Я вышел из дому, как водится, захватив книгу, – да-да, разумеется, вышли – мы. Мы решили подышать воздухом – нейтральным, не то что вечный чернильный аромат моего нескончаемого рассказа.

Мы – означает вдвоём. Но, конечно же, решил я… Решаю-то я!..

«Решаешь, решаешь, не горячись».

«Ладно, не хочешь уходить – оставайся, пойдём вместе… Только не мешай мне, пожалуйста! Не мешай мне своим присутствием!»

И отсутствием – тоже не мешай…

Без этих прогулок моя жизнь превратилась бы в пустую квартиру без двери, куда входят, не постучавшись.

«Квартира с зияющим входом ничем не лучше рассказа без точки, согласна?…»

«Не отвлекайся и ответь: итак, ты решаешь, – ну, и что же тебе удалось решить?»

Не буду отвечать на колкости… Сконцентрируюсь на более существенном.

Книга была тяжёлой, но я всё равно всегда брал её с собой: ей одной под силу заглушить не оставляющий меня в покое стук. Для этого её, к счастью, не обязательно открывать, да я обычно и не открываю…

«Буду думать, что стучит дятел. Тогда можно помечтать, что навязчивый стук оставит меня в покое, когда, рано или поздно, закончится затянувшаяся весна…»

Весна в моём северном крае длится круглый год, даже после того, как птицам – стучащим ли, поющим ли – становится неуютно на деревьях. И сейчас, летом, весна по-прежнему продолжается – ну чем не мой рассказ?

Дятлу некуда деться от своего дерева, на дереве всё равно уютнее, чем в неприветливом небе… И стучать в небе не во что…

А куда мне деваться от привычного стука -

«который ты игриво называешь навязчивым».

«Очень остроумно.
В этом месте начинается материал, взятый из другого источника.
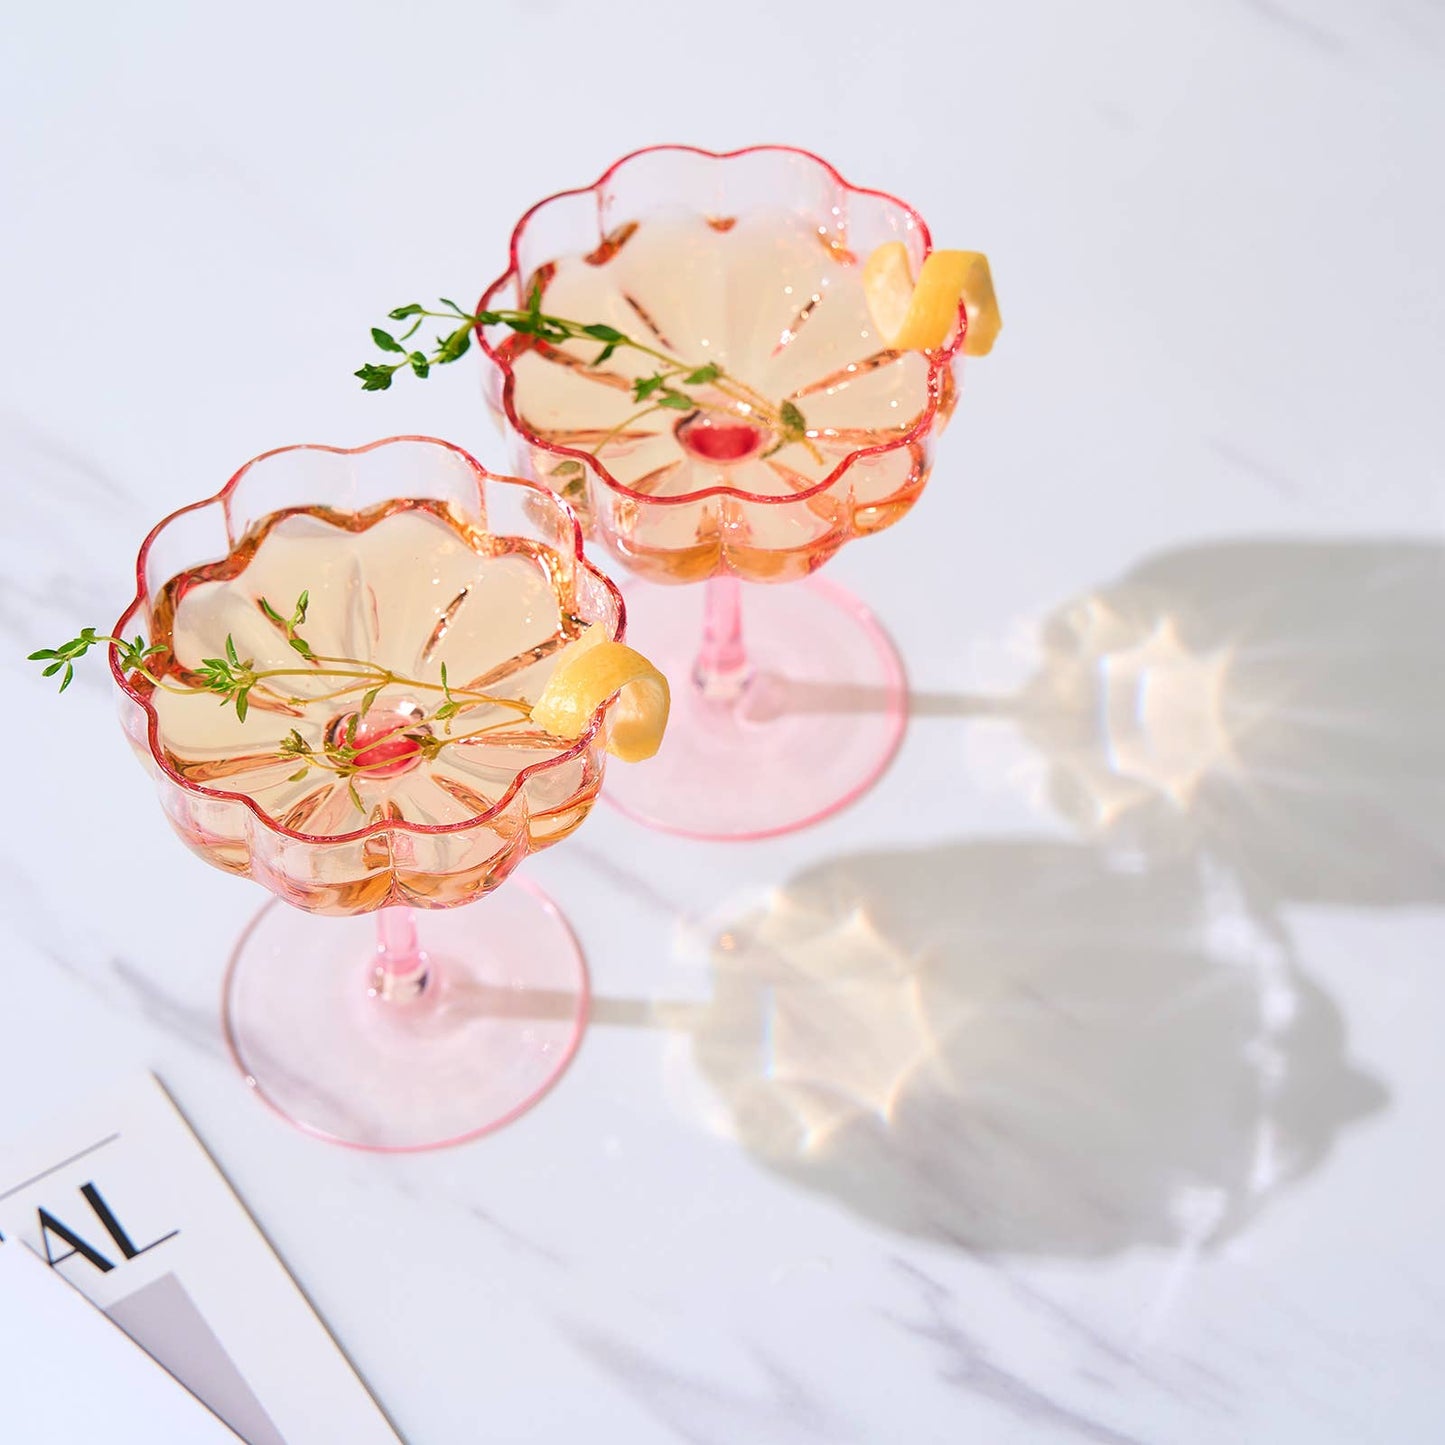 Flower Wavy Petals Wave Glass Coupes 7oz - Set of 2 (Pink)

Ты разве не поняла – это дятел стучит».

Луч – не отвлечённо геометрический, а всего лишь простецкий, солнечный, – старой учительской указкой показал мне на скамейку под деревом. Я положил неподъёмную книгу рядом, отпустил галстук – или затянул его – для не дописавшего рассказ это практически одно и то же – и прислушался. Подумал, что бы сказать, и единственное, что нашлось, было довольно резкое:

«Вот найду потерянную монетку, и ты уйдёшь. Договорились?»

«Мы с тобой далеко ещё не договорили, так что время договариваться не пришло… А начали давненько, когда я торжественно числилась первой из точек».

«Лучше бы ты попробовала стать последней… Впрочем, это у тебя вполне получилось: ты оказалась обеими по совместительству».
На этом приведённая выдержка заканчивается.